Irma was fascinated with the Arab culture of East Africa and she frequently visited Zanzibar. Ramadan is considered a key painting in Irma’s career. She began depicting beauty in the atmosphere of the painting, rather than the external image of the subject matter. This work shows an elderly Arabic man sitting hunched over and praying. We see how calm and peaceful the Islamic man remains even though he sit amidst the hustle and bustle of a busy bazaar. Irma displays a feeling of spirituality & wisdom, as the man is shown as aged. The focal point is the old man’s white turban, and the large form of his body.
The vertical composition of this work gives off the sense of strength. The foreground is mainly composed of the man’s body while the background is full of unidentifiable shapes representing the busy market crowds. The figures in this work are strongly outlined. Tonal values have been simplified, and natural, neutral colours have been used, which is rare due to Irma’s usual preference to bright, lucid use of colour. Loose, quick brush strokes have been used, connecting Irma’s work to that of an Expressionist.
The Eternal Child, 1916
This work was one of very few with the subject of children that Irma painted. After her divorce in 1934 she showed very little maternal instinct in her artworks. The Eternal Child was the first painting that Irma did that clearly showed the change in her style of painting, and was done with oil paints on board. It shows her individualistic way of capturing the subject matter, which, in this case, is a young girl. Irma spotted this girl on German train, and she painting this figurative artwork from memory.

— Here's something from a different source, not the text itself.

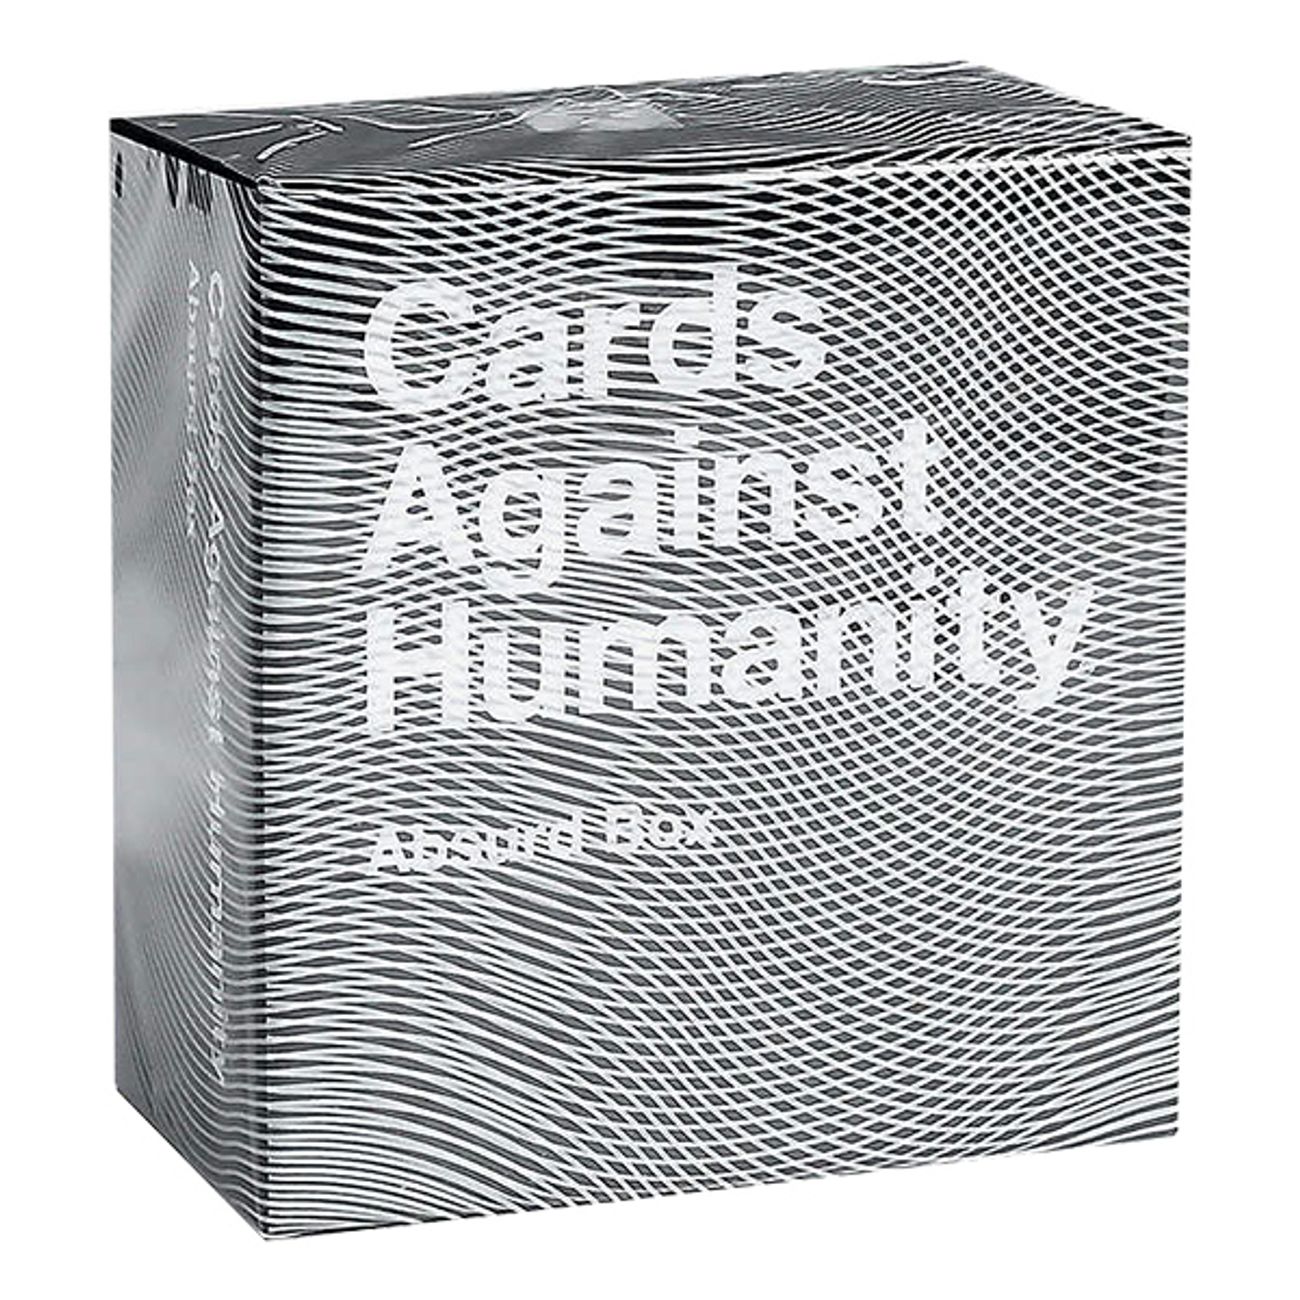 cards-against-humanity-25

This way she could interpret reality however she liked. Max Pechstein greatly applauded this work as he saw that the painting could evoke strong emotions and reactions from the viewer. The girl’s large head and small body indicates fragility, as do her small hands grasping flowers. Irma is showing the damage of war on the youth. Children are defenseless and afraid, yet hope glimmers in their eyes. The young girl’s eyes are wide and hopeful, as are the bright flowers. The focal point of The Eternal Child is the pink, founded face of the girl. The tonal values of the painting greatly contrast, and the background colour is flat giving the work a lack of depth. In fact, all the colours in the work are flat leading the painting to be seen as two-dimensional, though the detail of the face does have depth.